Special Issue Information

Dear Colleagues,

Remote sensing is increasingly relied upon as both a research and an operational tool for ecosystem monitoring. This includes habitat mapping, the extraction of biophysical variables, the detection of biological and ecological parameters, detecting changes and disturbances, assessing risk, assessing the efficacy of management actions, and providing evidence for compliance with regulations and policy.

The power of remote sensing is particularly evident for these applications due to both the technical capabilities of remote sensing methods, and the potential to provide new insights. Remote sensing methods are often the only feasible monitoring option because of their spatial and temporal resolution, combined with accessibility within the study ecosystem. Moreover, remote sensing often provides a unique understanding or synthesis of ecological or ecosystem processes, functions and services.

This Special Issue is dedicated to remote sensing applications that provide ecosystem monitoring information in the context of providing data sets for further scientific research, as well as providing information that is able to be used by management organizations for informing management actions, regulatory requirements, and policy decisions. We are looking for applications that span a range of spatial and temporal scales, so studies could be local- to global-scale, and range from one-off to time-series monitoring. Contributions are welcome on any topics, but the Issue will focus on the following four key themes:

  1. Perspectives and trends in remote sensing for ecosystem monitoring, including new technologies and review articles
  2. Ecosystem monitoring applications at a local- to global-scale
  3. The use of remote sensing for ecosystem risk assessment, such as the IUCN Red List of Ecosystems protocol
  4. Quantifying and monitoring ecosystem services, ecosystem functions, and ecosystem degradation.

Dr. Mitchell Lyons
Dr. Nicholas Murray
Prof. Stuart Phinn
Guest Editors

Manuscript Submission Information

Manuscripts should be submitted online at www.mdpi.com by registering and logging in to this website. Once you are registered, click here to go to the submission form. Manuscripts can be submitted until the deadline. All submissions that pass pre-check are peer-reviewed. Accepted papers will be published continuously in the journal (as soon as accepted) and will be listed together on the special issue website. Research articles, review articles as well as short communications are invited. For planned papers, a title and short abstract (about 100 words) can be sent to the Editorial Office for announcement on this website.

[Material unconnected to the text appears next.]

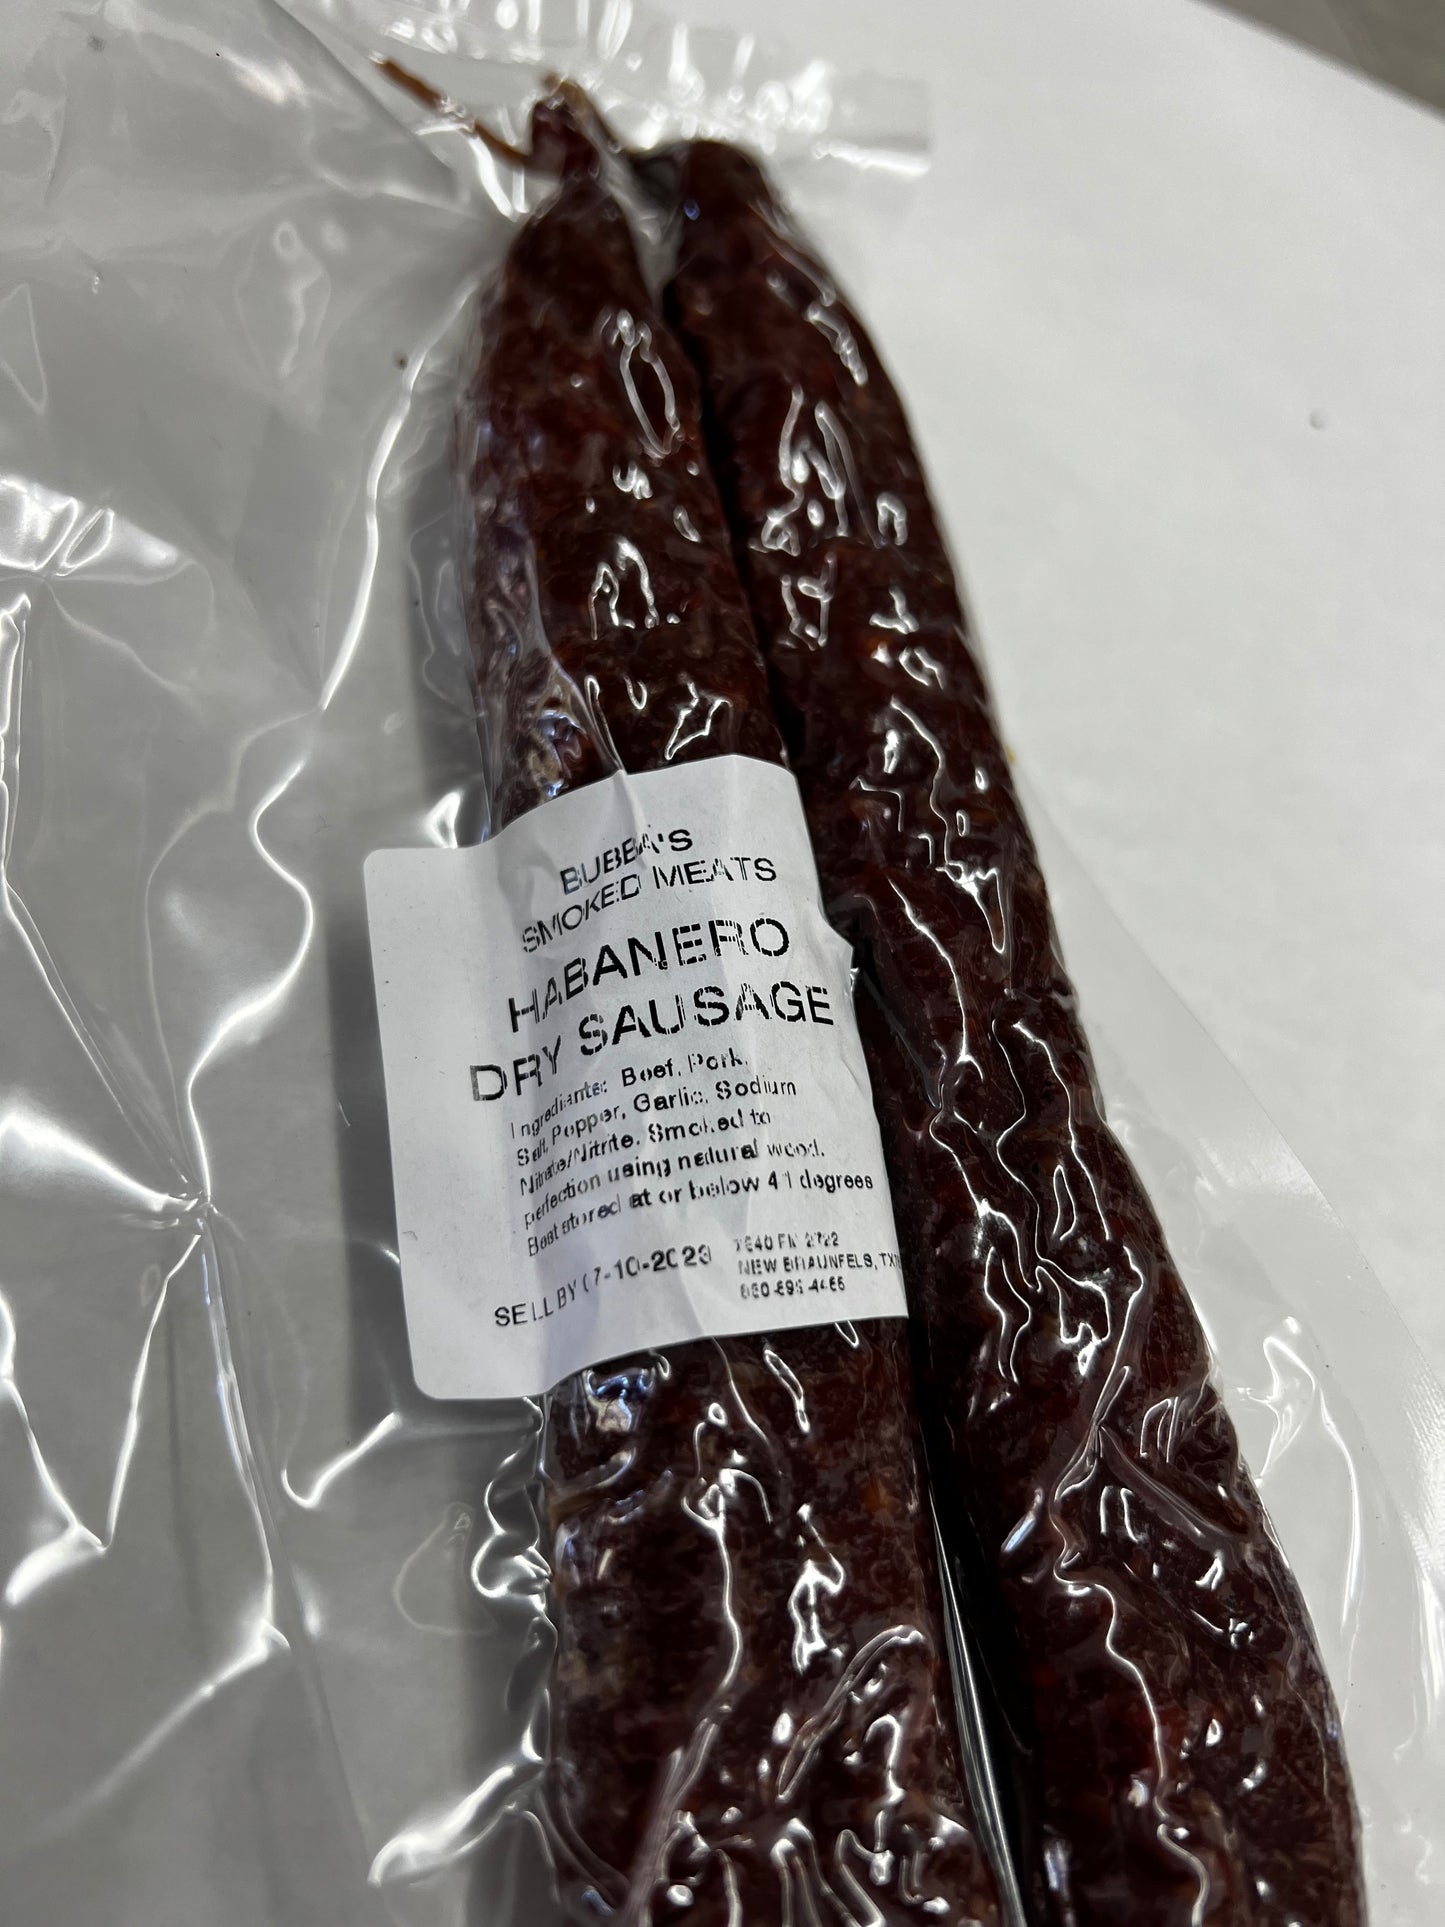 Habanero Dry link Sausage that will change your life & you May get promoted..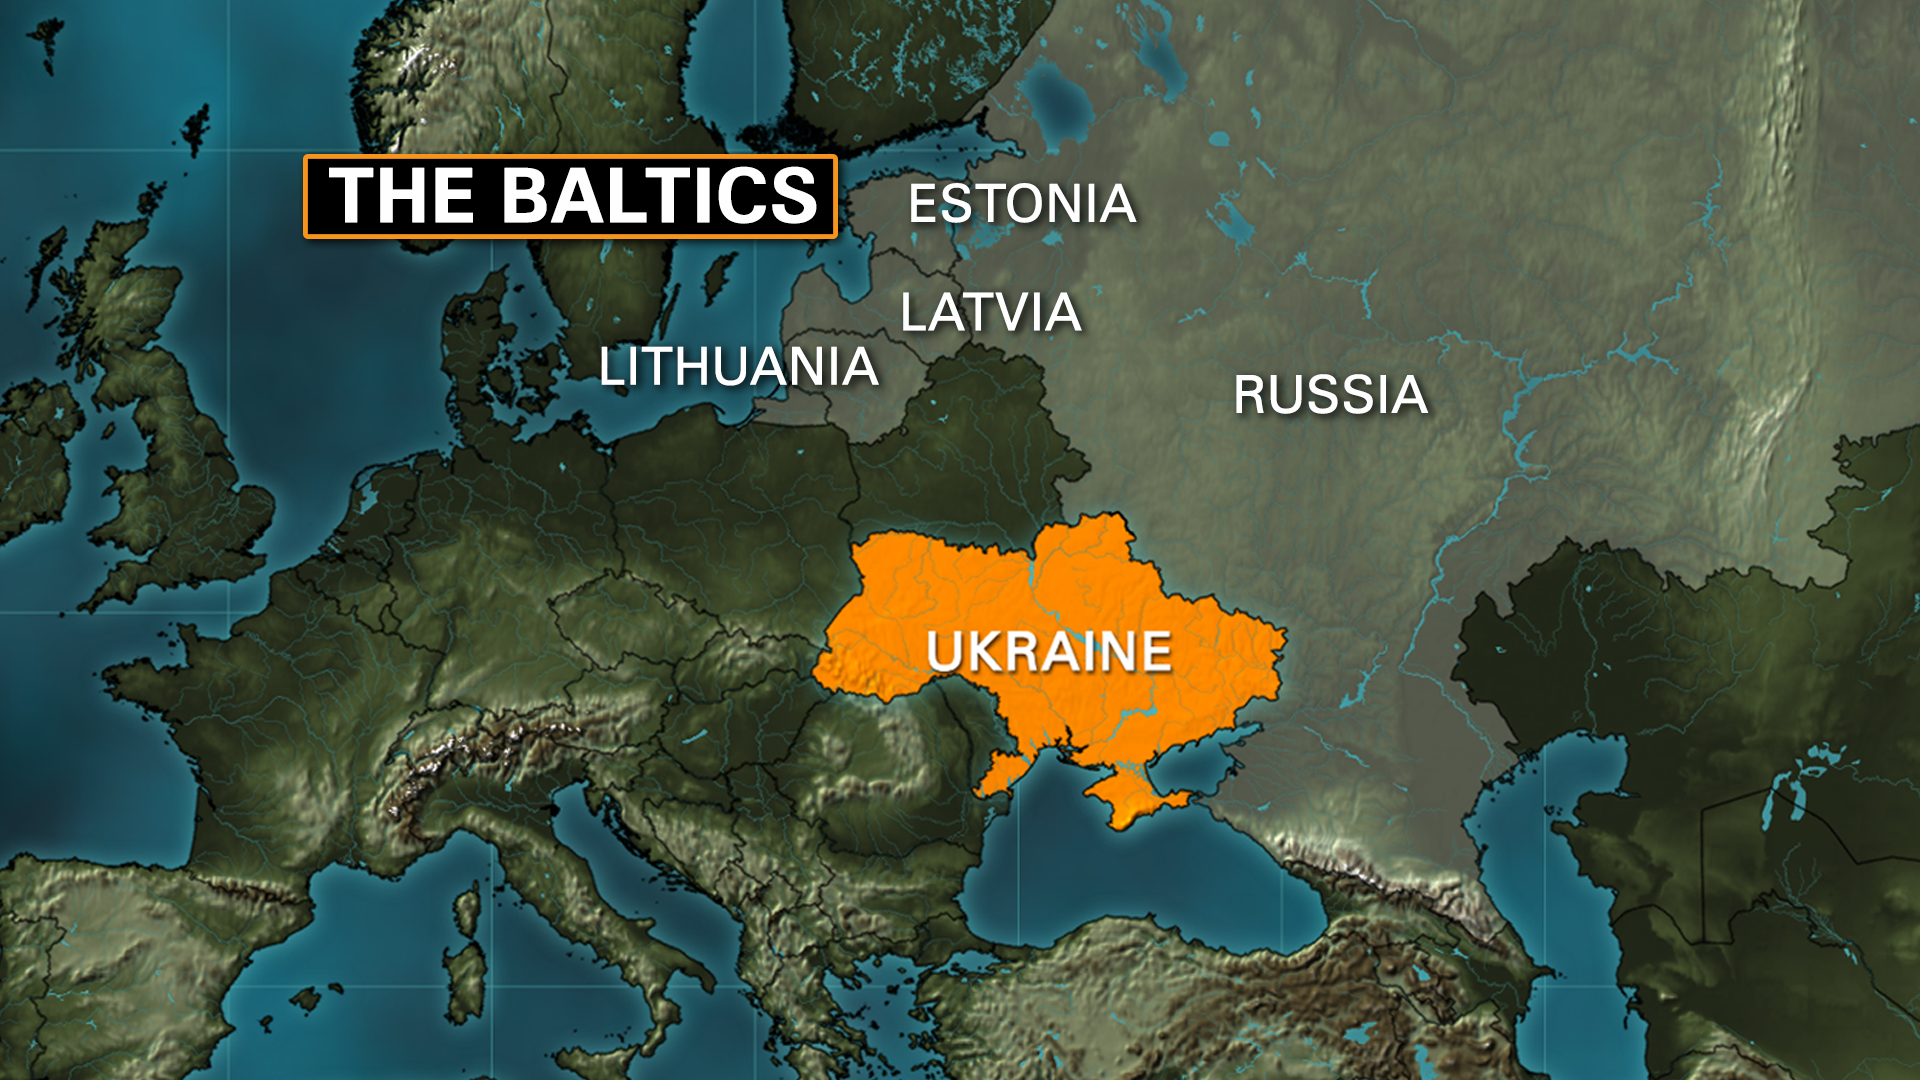 SOTU EXTRA: The Baltics and Russia's next move

Submitted manuscripts should not have been published previously, nor be under consideration for publication elsewhere (except conference proceedings papers). All manuscripts are thoroughly refereed through a single-blind peer-review process. A guide for authors and other relevant information for submission of manuscripts is available on the Instructions for Authors page. Remote Sensing is an international peer-reviewed open access semimonthly journal published by MDPI.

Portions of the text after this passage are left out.